### AVAILABLE DATA

□ □ □ □

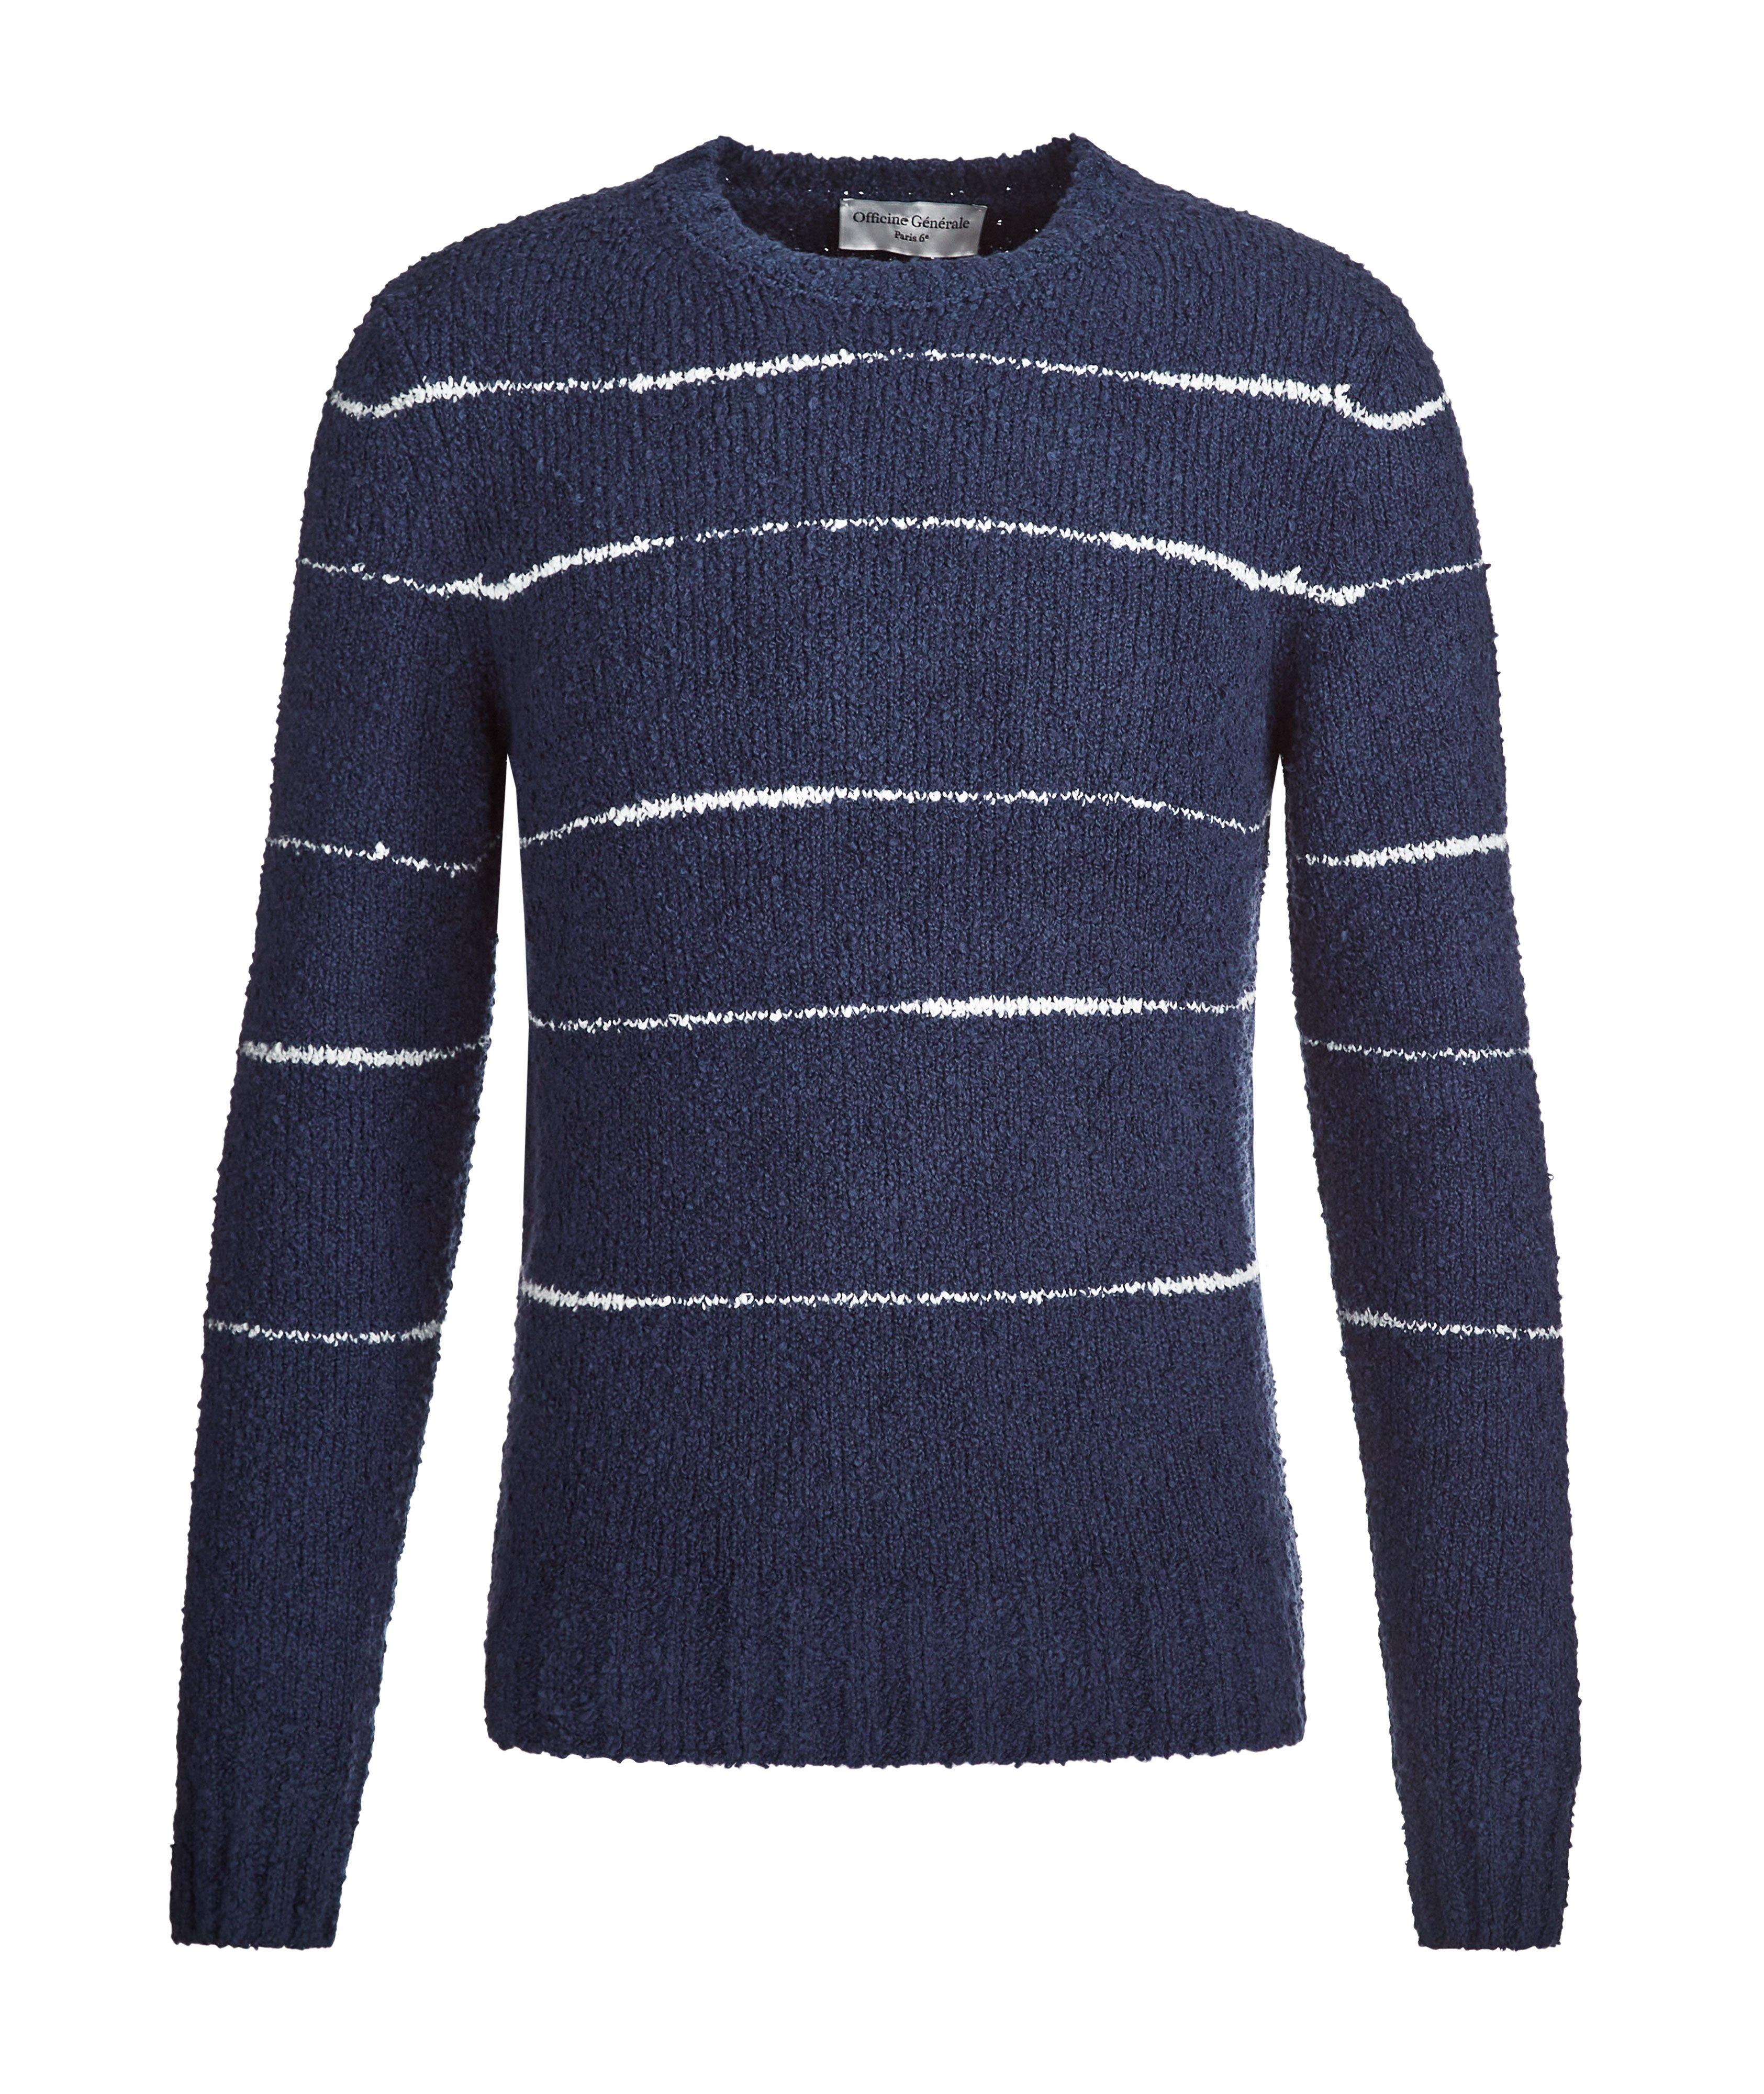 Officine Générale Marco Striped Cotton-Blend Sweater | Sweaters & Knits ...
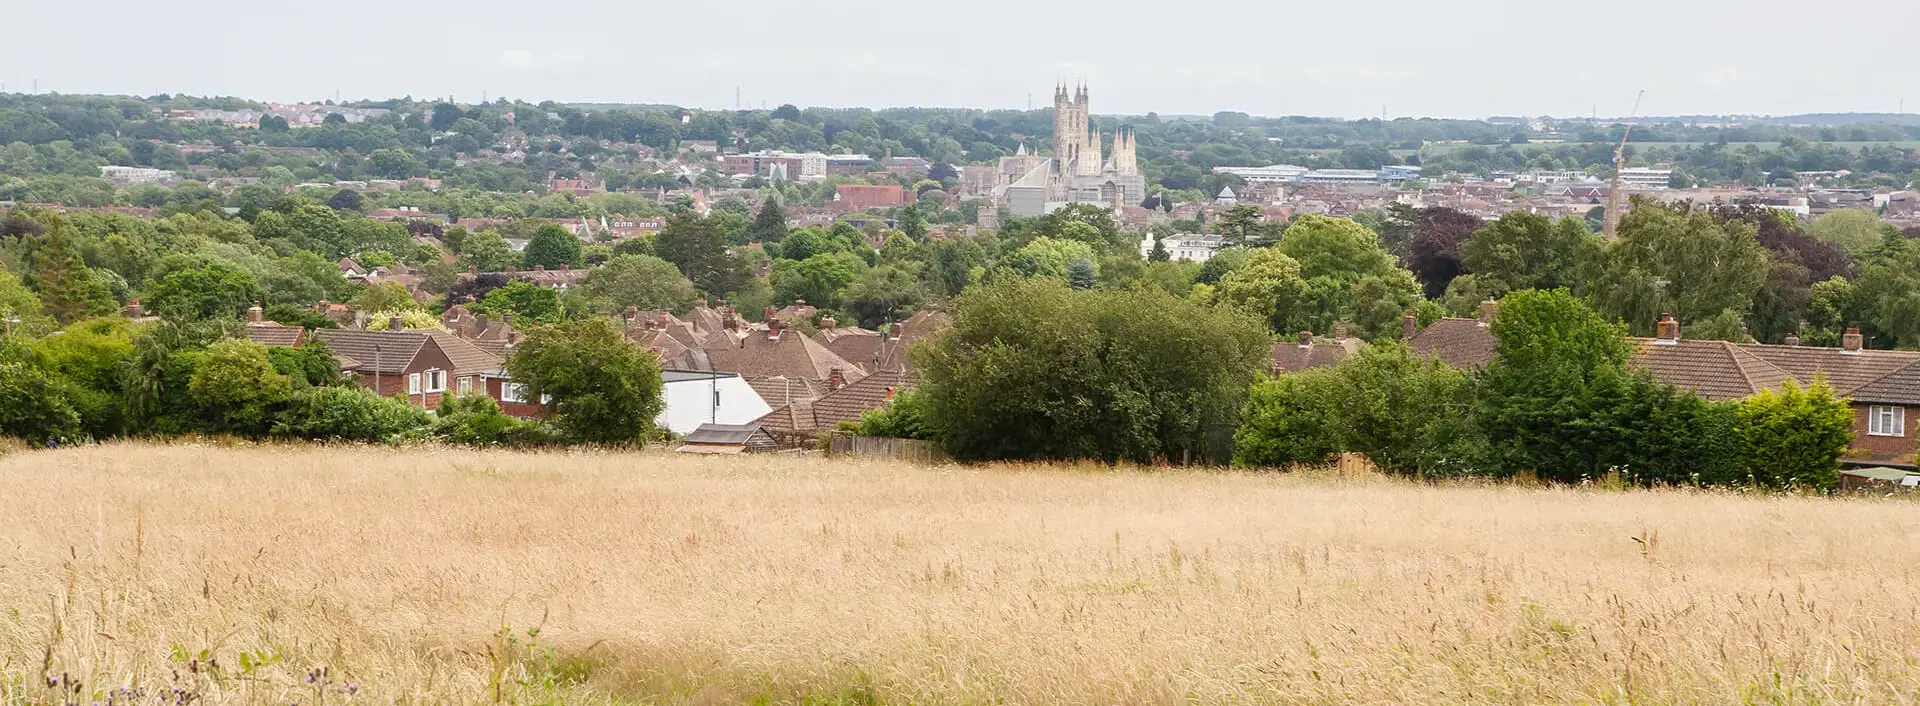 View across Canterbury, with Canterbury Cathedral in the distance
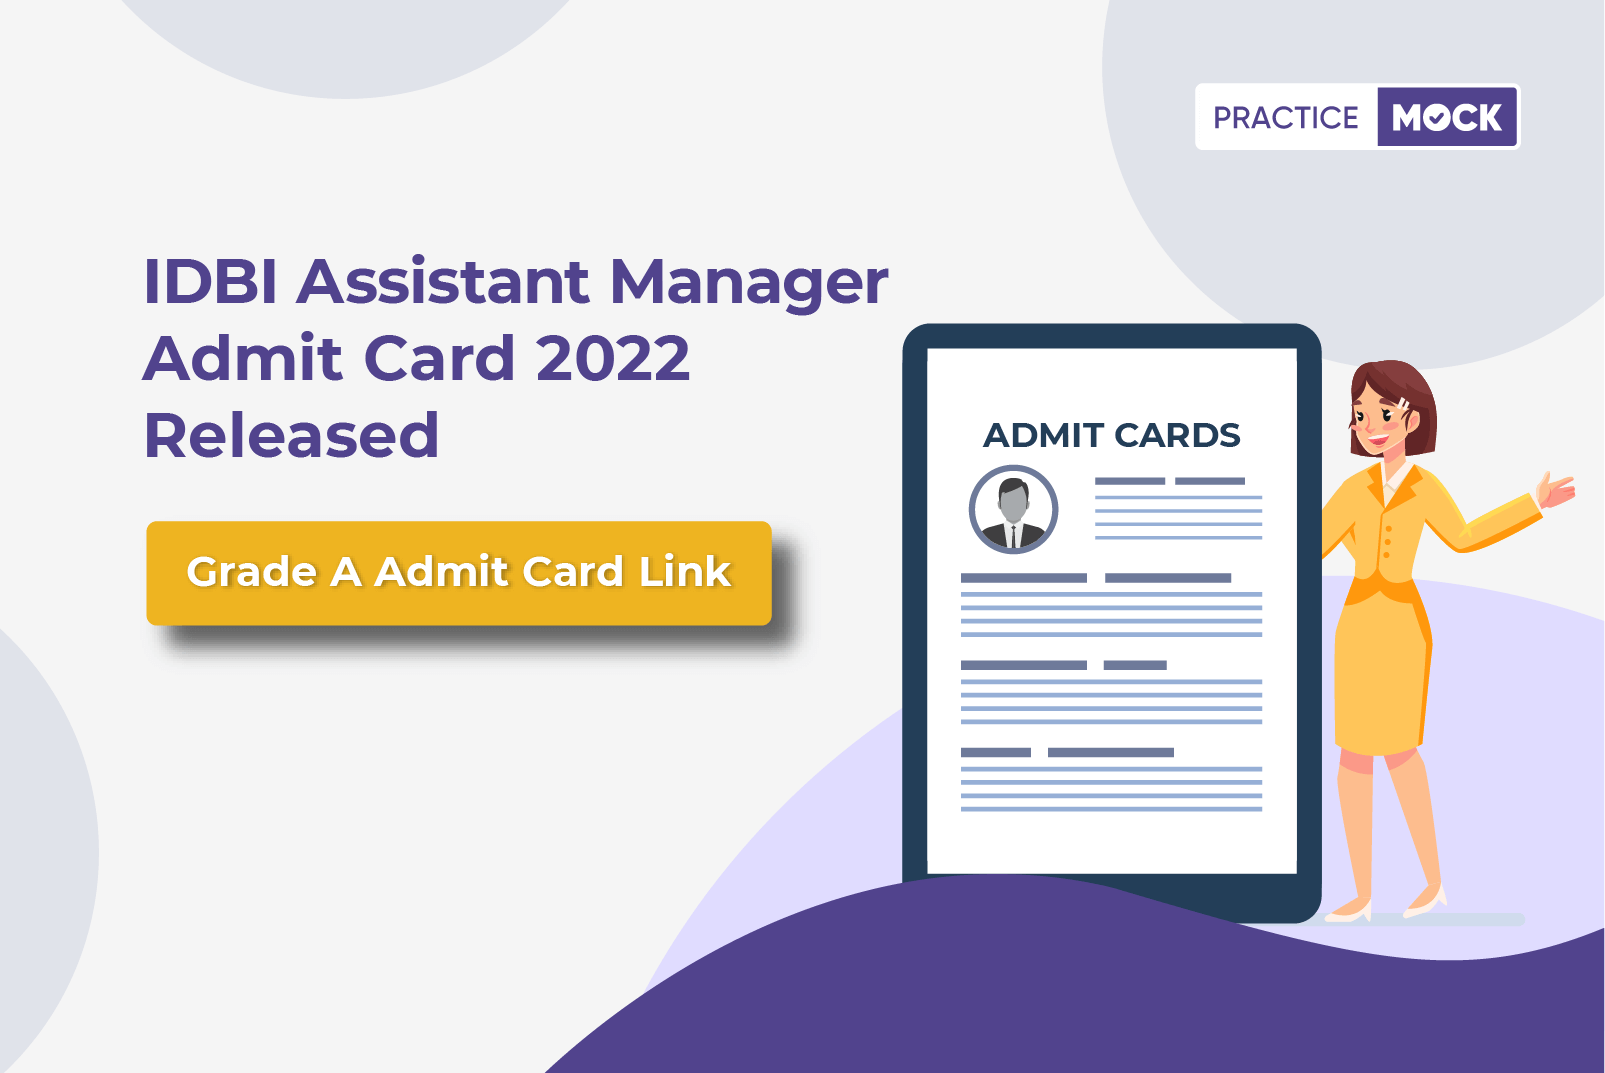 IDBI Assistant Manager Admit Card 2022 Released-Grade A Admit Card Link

□ □ □ □

### TASK OBJECTIVE
An exact transcript of the listing is needed, free of pictures.

### ANSWER TO THIS PROBLEM
 Officine Générale Marco Striped Cotton-Blend Sweater | Sweaters & Knits ...
 View across Canterbury, with Canterbury Cathedral in the distance
 IDBI Assistant Manager Admit Card 2022 Released-Grade A Admit Card Link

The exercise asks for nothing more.